Western Tradition Partnership will (and should) be quickly reversed on certiorari appeal for the reasons set out by the primary dissenting Justice, James C. Nelson:
Unquestionably, Montana has its own unique history. No doubt Montana also has compelling interests in preserving the integrity of its electoral process and in encouraging the full participation of its electorate. And Montana may indeed be more vulnerable than other states to corporate domination of the political process. But the notion argued by the Attorney General and adopted by the Court—that these characteristics entitle Montana to a special “no peeing” zone in the First Amendment swimming pool—is simply untenable under Citizens United.
Admittedly, I have never had to write a more frustrating dissent. I agree, at least in principle, with much of the Court’s discussion and with the arguments of the Attorney General. More to the point, I thoroughly disagree with the Supreme Court’s decision in Citizens United. I agree, rather, with the eloquent and, in my view, better-reasoned dissent of Justice Stevens. As a result, I find myself in the distasteful position of having to defend the applicability of a controlling precedent with which I profoundly disagree.
That said, this case is ultimately not about my agreement or disagreement with the Attorney General or our satisfaction or dissatisfaction with the Citizens United decision. Whether we agree with the Supreme Court’s interpretation of the First Amendment is irrelevant. In accordance with our federal system of government, our obligations here are to acknowledge that the Supreme Court’s interpretation of the United States Constitution is, for better or for worse, binding on this Court and on the officers of this state, and to apply the law faithful to the Supreme Court’s ruling.
Granted, there are some in the legislative and executive branches of government who would call—and, in fact, have called—for Montana to thumb its nose at the federal government, to disregard federal law, and to boldly ignore the Supremacy Clause. Regardless of those views, however, all elected officials in Montana—legislative, executive, and judicial—are sworn to “support, protect and defend the constitution of the United States.” Obviously, this means in accordance with the Supreme Court’s interpretations of the United States Constitution. Thus, when the highest court in the country has spoken clearly on a matter of federal constitutional law, as it did in Citizens United, the highest court in Montana—this Court—is not at liberty to disregard or parse that decision in order to uphold a state law that, while politically popular, is clearly at odds with the Supreme Court’s decision. This is the rule of law and is part and parcel of every judge’s and justice’s oath of office to “support, protect and defend the constitution of the United States.” In my view, this Court’s decision today fails to do so.

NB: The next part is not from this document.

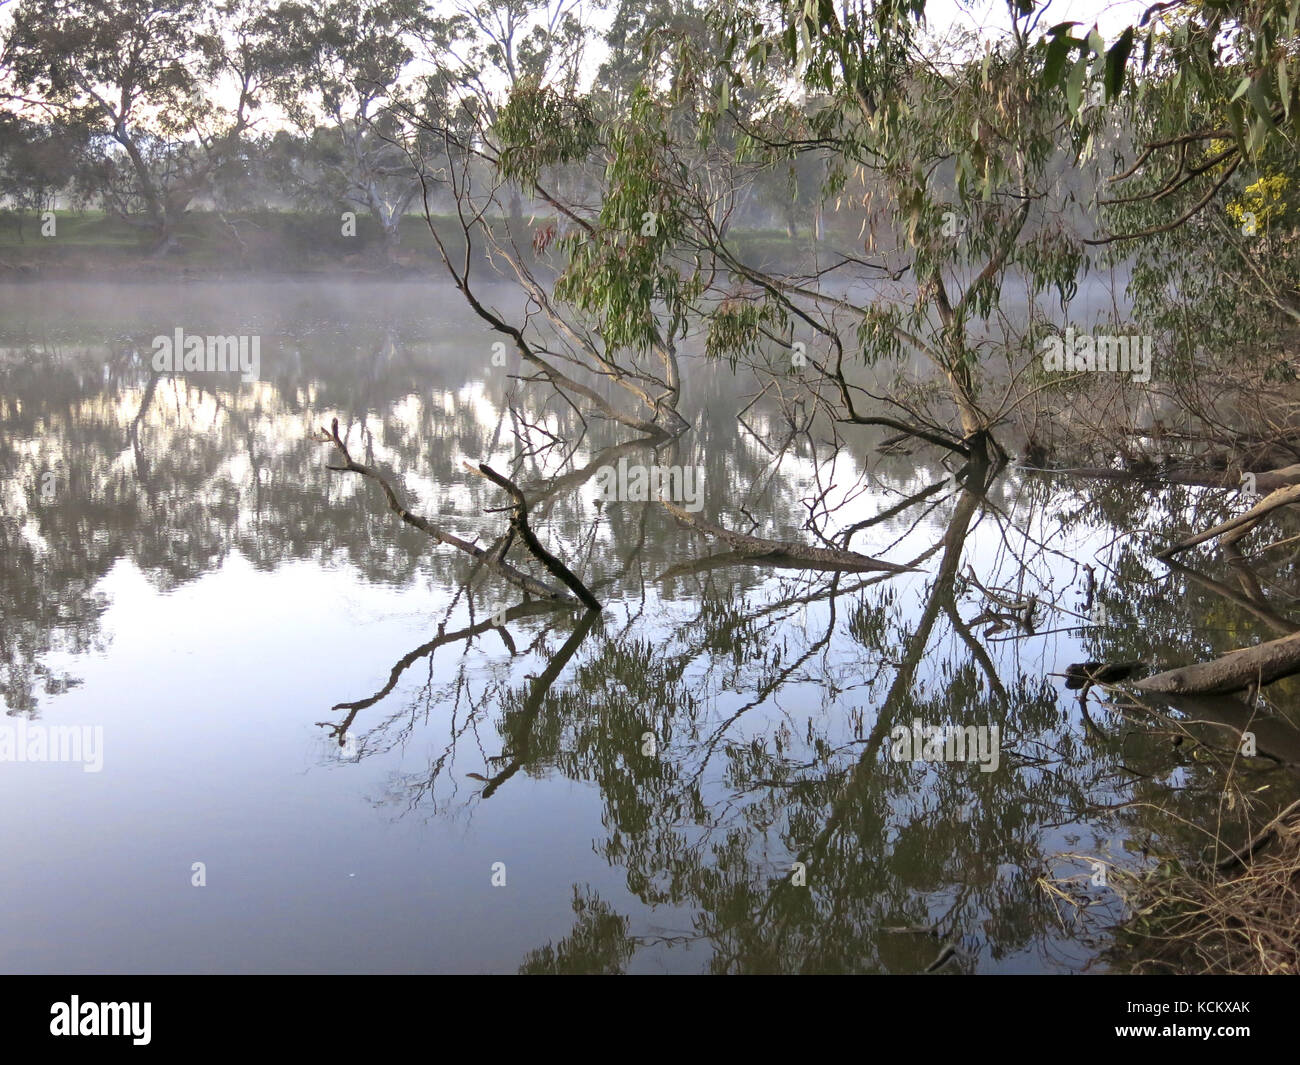 Tôt le matin sur la rivière Goulburn, pêche, canotage et destination de vacances au bord de la rivière. Seymour, centre de Victoria, Australie Banque D'Images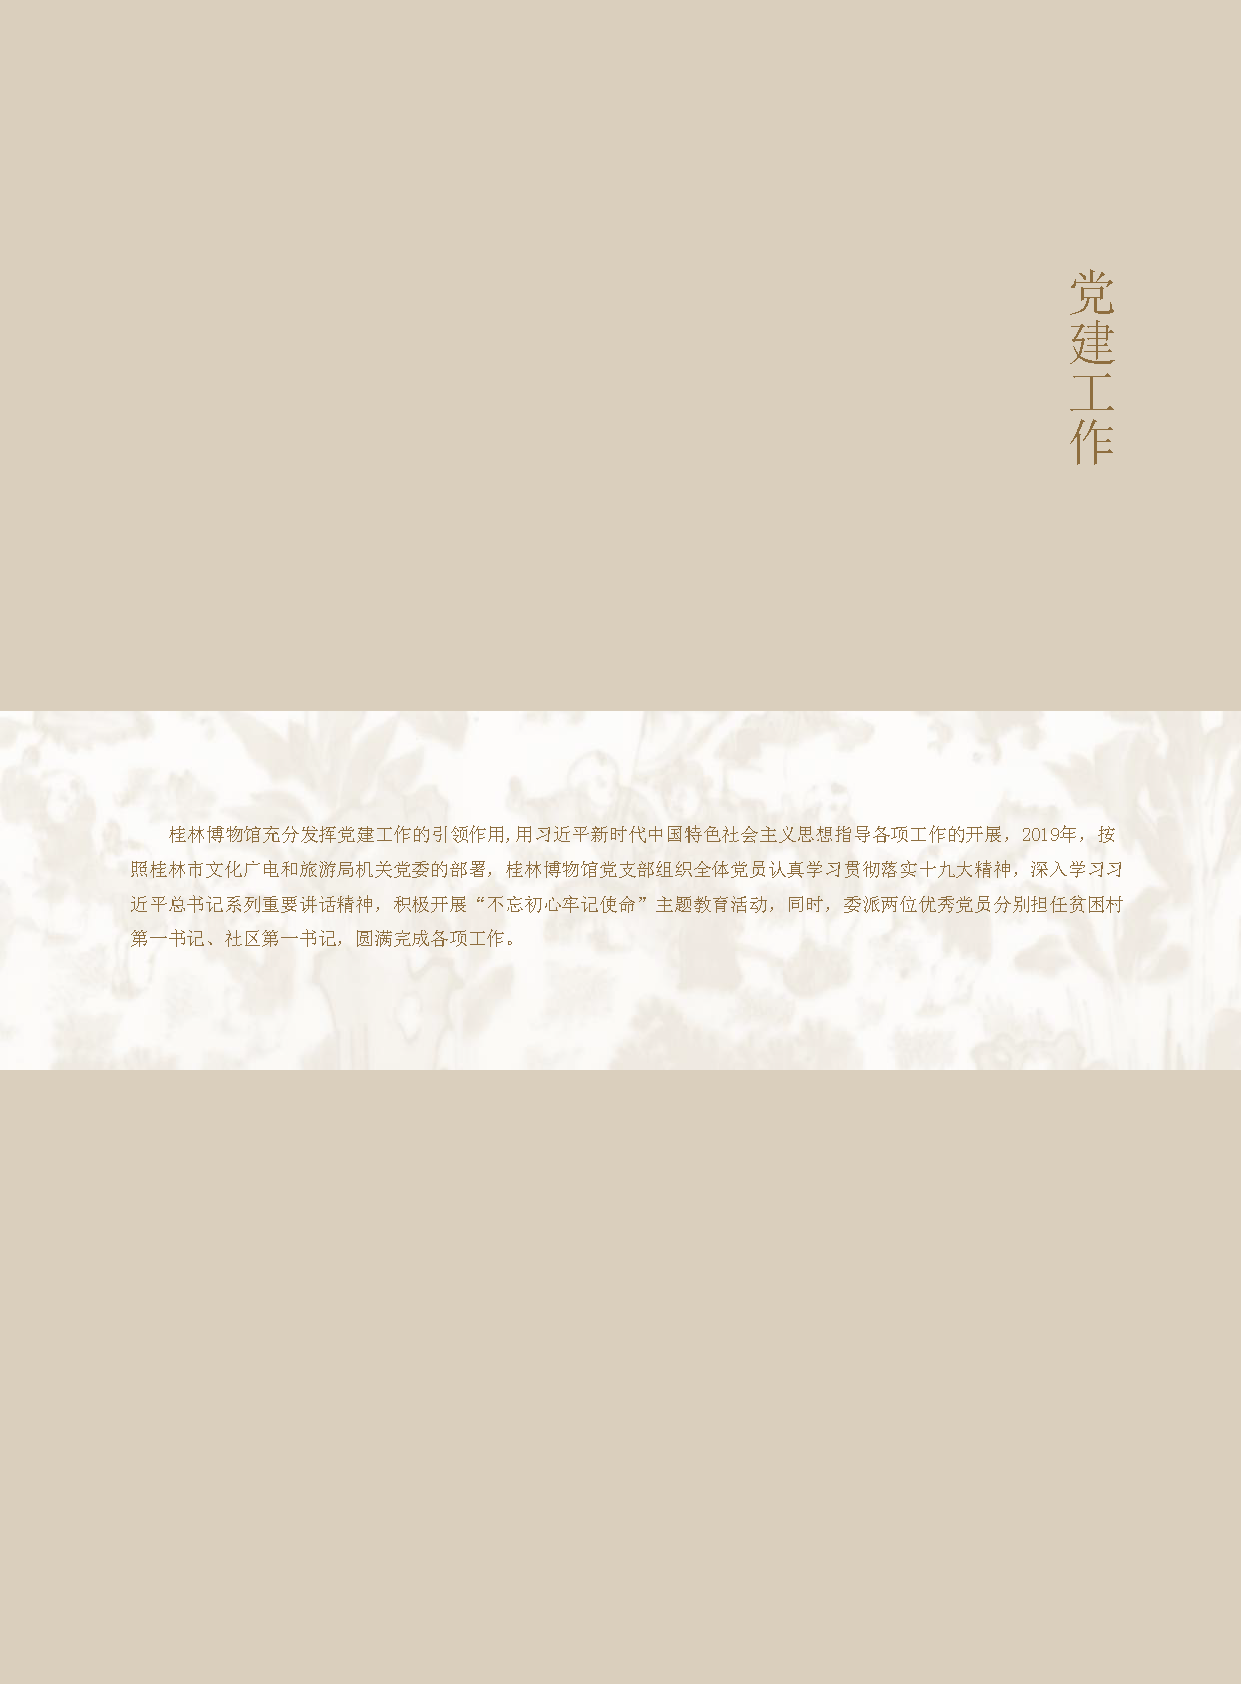 桂林博物馆2019年度报告.pdf_页面_009.png

There are, unquestionably, discomforting realities that accompany unlimited corporate political speech. One can easily understand the frustrations of the majority Justices, feeling as though their state’s political process is being dragged back to 1900 by a panel of conservative United States Supreme Court Justices that simply don’t understand the opportunities for distortion in the political process that accompany unfettered corporate speech in a sparsely populated rural state.
And maybe they’re right. But that doesn’t give them license to ignore the Constitution when the Supreme Court has spoken clearly on the matter. Perhaps the greatest irony of the majority opinion is the fact that it forcefully expresses concern for the potential distorting and corrupting effects that corporate speech might have on the Montana’s elected judiciary. Based on this opinion, it seems as though an elected judiciary’s understandable, though misguided, efforts to avoid Citizens United may themselves be causing the same kind of distortion.